Suspicion fell for a time on the sizeable Jewish community in east London, as old prejudices flared up during the killings, with rumors of ritual religious murder. The Ripper had left some body parts after the double murder of September 30, and chalked a message in a stairwell claiming that “The Juwes are men that will not be blamed for nothing.” Aaron Kosminski—a Polish Jew who worked as a hairdresser in London before being committed to a lunatic asylum in 1891—was later named chief suspect by Assistant Chief Constable Sir Melville Macnaghten, but no charges were ever brought, despite Robert Anderson (head of CID) and Chief Inspector Donald Swanson (whom he temporarily entrusted with the case) also considering Kosminski the chief suspect. Others, though, claim the cryptic message on the wall points to a Masonic connection, the Juwes representing Jubela, Jubelo and Jubelum, ritually killed, according to Masonic tradition, for murdering Grand Master Hiram Abif.

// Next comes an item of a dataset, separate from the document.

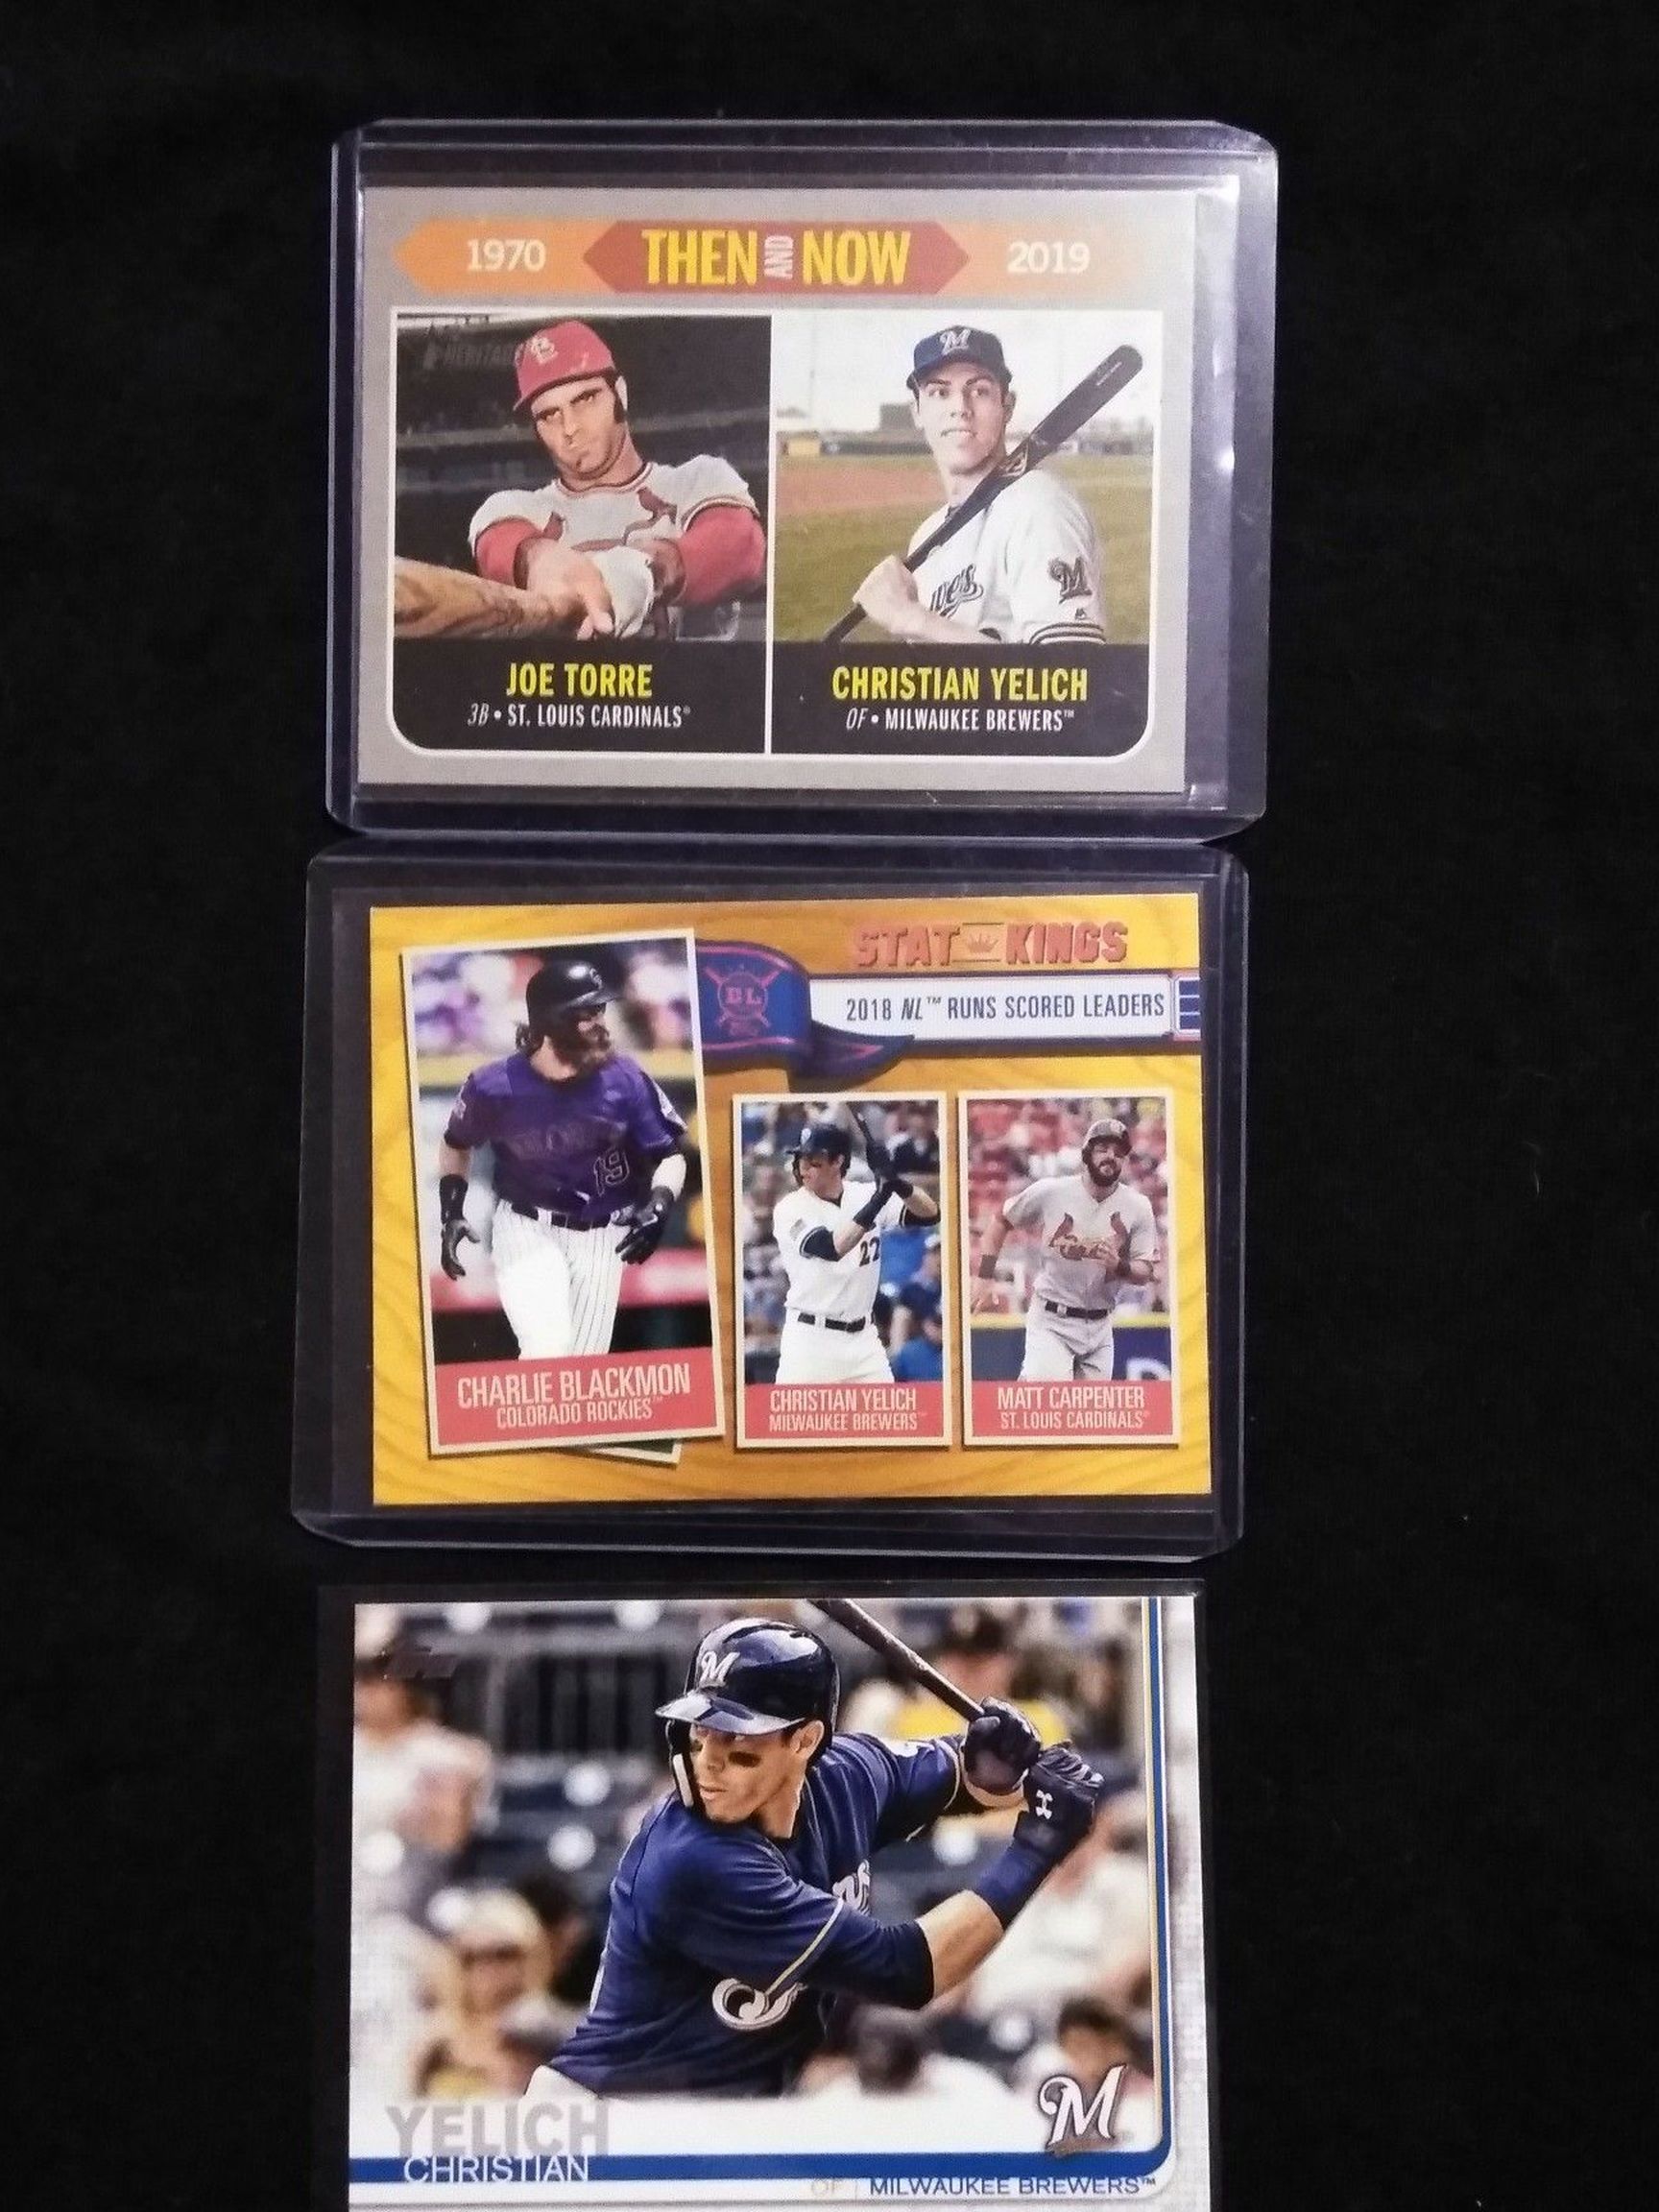 Christian Yelich Baseball Card Collection.

Macnaghten also named three other possible suspects: Montague Druitt, a barrister and teacher with an interest in surgery, who was believed to be insane and later found dead; Michael Ostrog, a Russian-born thief and con man who was detained in asylums on several occasions; and Francis Tumblety, a physician who fled the country under suspicion for the Kelly murder. Other suggestions have included Jacob Isenschmid, an insane Swiss pork butcher, and Severin Klowoski, a Polish surgeon who poisoned three wives. According to crime novelist Patricia Cornwell, however, the most likely candidate was in fact a German-born artist named Walter Richard Sickert, whose paintings included numerous misogynistic images of violent assaults on women, though criminologists had previously dismissed Sickert as a credible suspect.

Why did the Ripper murders suddenly stop? Was the perpetrator consigned to a mental institution and thus prevented from continuing his killing spree. Did he die from syphilis or perhaps even commit suicide? Could it be that, having made his grotesque point, he was content to retire again into the shadows? Did he move elsewhere when the police presence in London became too much to handle? Or did he not stop at all but simply change his modus operandi, being guilty of not just five but eleven murders in Whitechapel between April 3, 1888 and February 13, 1891. No one can say for sure, but the slaughter ended as abruptly as it had begun.

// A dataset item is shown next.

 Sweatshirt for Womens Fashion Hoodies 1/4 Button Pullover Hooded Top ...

The Ripper has been portrayed, based on a few alleged sightings, as a tall man, wearing an apron and carrying a black doctor’s bag full of surgical knives, but the Star newspaper, reporting at the time, captures far more powerfully the awfulness of his crimes and the sheer terror he provoked. “A nameless reprobate—half beast, half man—is at large,” it wrote. “Hideous malice, deadly cunning, insatiable thirst for blood—all these are the marks of the mad homicide. The ghoul-like creature, stalking down his victim like a Pawnee Indian, is simply drunk with blood, and he will have more.”